The shares of Common Stock were issued pursuant to the Company’s shelf registration statement on Form S-3 (File No. 333-179314), which was declared effective by the Securities and Exchange Commission on April 11, 2012, and registration statement on Form S-3 (File No. 333-184239) filed on October 2, 2012 pursuant to Rule 462(b) under the Securities Act of 1933.

A copy of the Underwriting Agreement is attached hereto as Exhibit 1.1 and is incorporated herein by reference. The foregoing description of the Underwriting Agreement is qualified in its entirety by reference to the full text of the Underwriting Agreement. In connection with the filing of the Underwriting Agreement, the Company is filing the opinions of its special Maryland counsel, Venable LLP, and tax counsel, Hunton & Williams LLP, as Exhibits 5.1 and 8.1 hereto, respectively.

 

Item 9.01. Financial Statements and Exhibits.

 

(d) Exhibits.

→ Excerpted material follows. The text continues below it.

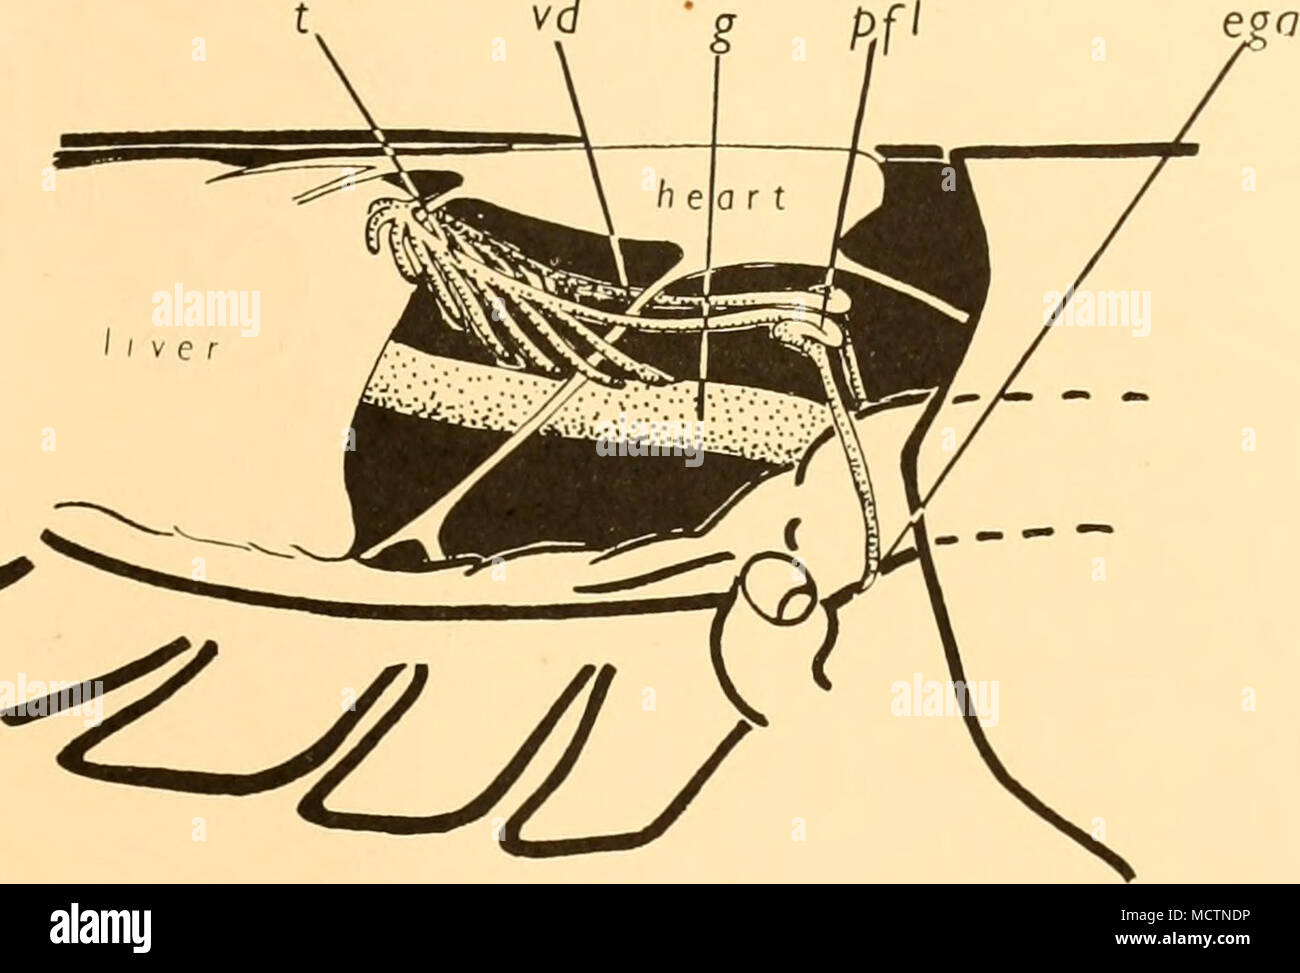 . Fig. 2. Dissection to show the development of the male reproductive system. â ' 15. ega, external genital aperture; g, gut; pfi, posterior flexure; t, testis; vd, vas deferens. as its posterior margin. At this point, each duct bends outwards at right angles, runs between the musculature of the body wall and the carapace, and passes laterally and ventrally behind the luminous organ, to open on the sternum of the eighth thoracic segment near the middle line. The vasa deferentia are slightly dilated immediately behind the external genital apertures ega (Fig. 2). As can be seen from the diagrams Stock Photo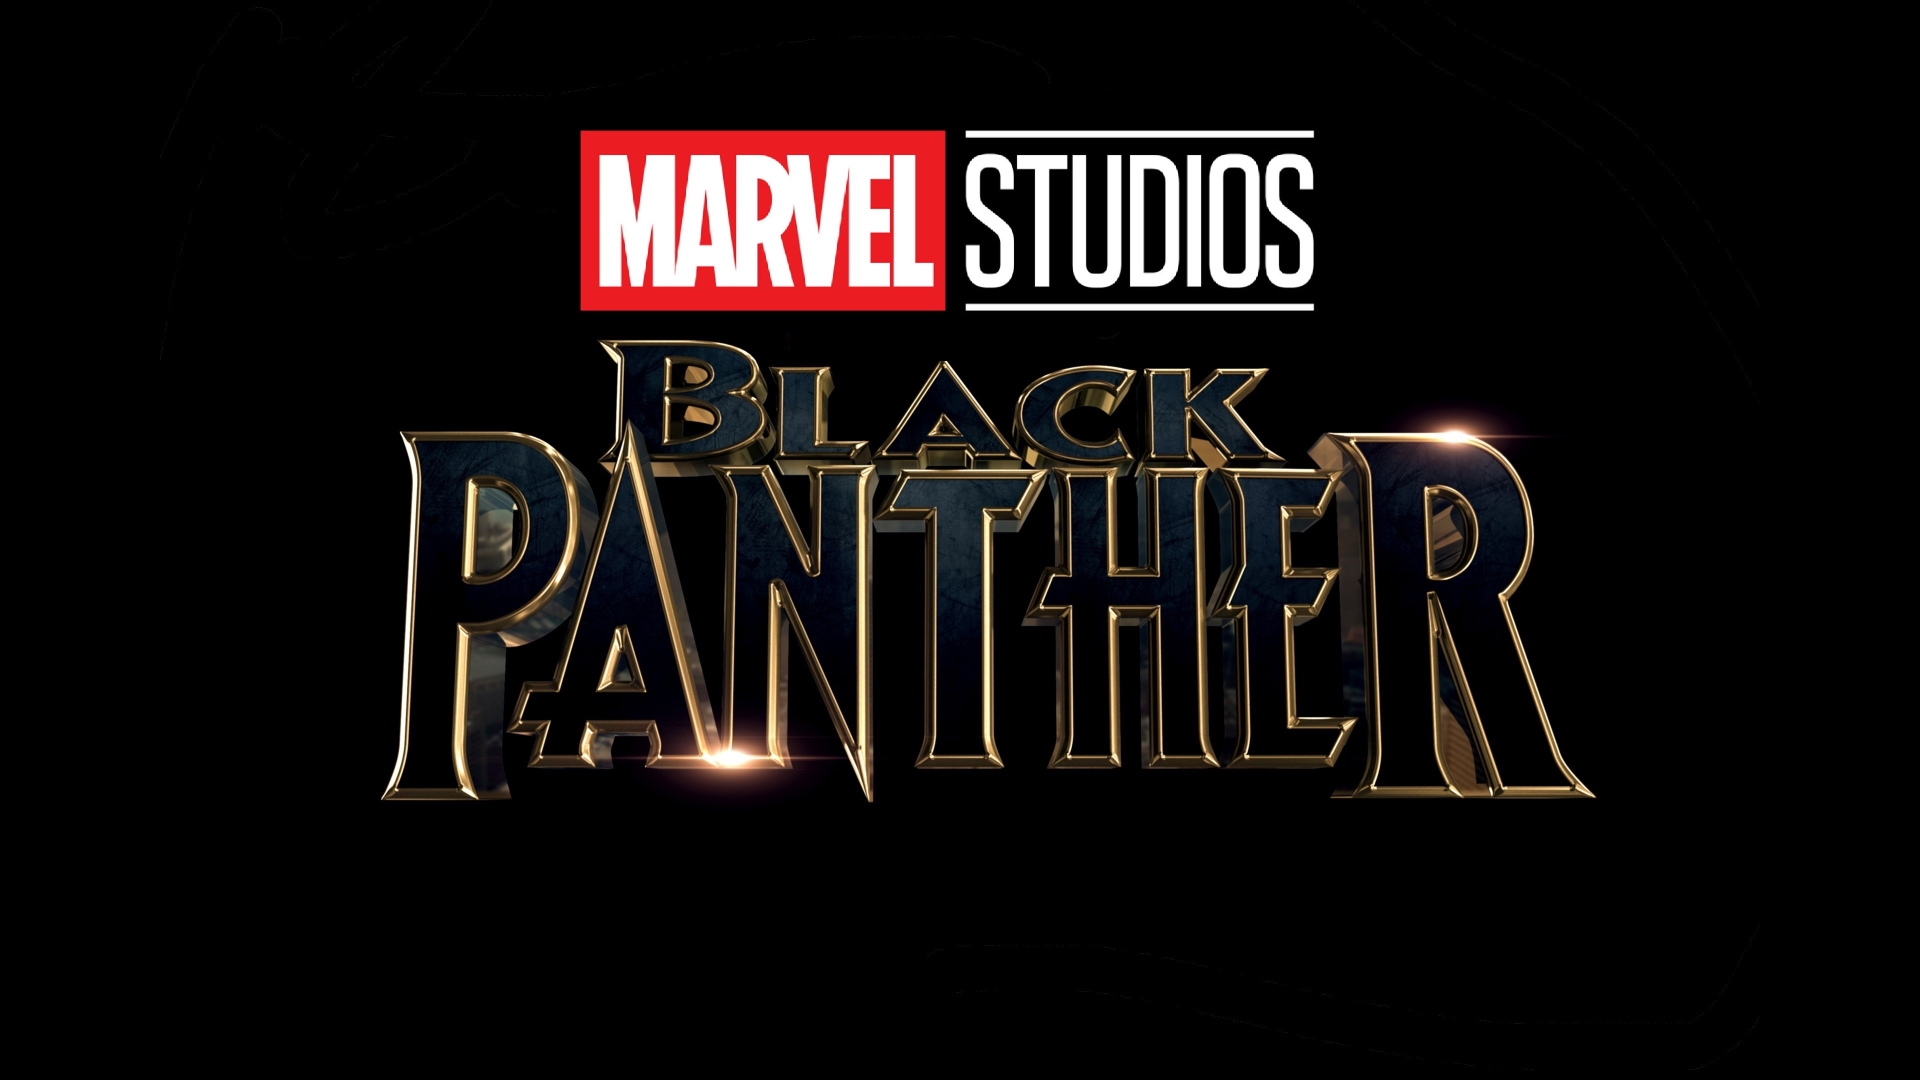 The Black Panther 18 Movie Poster 19 X 1080 Hdtv 1080p Hd Wallpaper Hdwallpapers Site

The following exhibits are being filed herewith:

 

  1.1    Underwriting Agreement, dated as of October 3, 2012, between the Company and Deutsche Bank Securities Inc.
  5.1    Opinion of Venable LLP regarding legality of shares.
  8.1    Opinion of Hunton & Williams LLP regarding tax matters.
23.1    Consent of Venable LLP (included in Exhibit 5.1)
23.2    Consent of Hunton & Williams LLP (included in Exhibit 8.1).


SIGNATURE

Pursuant to the requirements of the Securities Exchange Act of 1934, the registrant has duly caused this report to be signed on its behalf by the undersigned thereunto duly authorized.

 

    NEW YORK MORTGAGE TRUST, INC.
    (Registrant)
Date: October 9, 2012     By:  

/s/ Steven R. Mumma

      Name: Steven R. Mumma
      Title: Chief Executive Officer and President


EXHIBIT INDEX

 

Exhibit

  

Description

  1.1    Underwriting Agreement, dated as of October 3, 2012, between the Company and Deutsche Bank Securities Inc.
  5.1    Opinion of Venable LLP regarding legality of shares.
  8.1    Opinion of Hunton & Williams LLP regarding tax matters.
23.1    Consent of Venable LLP (included in Exhibit 5.1).
23.2    Consent of Hunton & Williams LLP (included in Exhibit 8.1).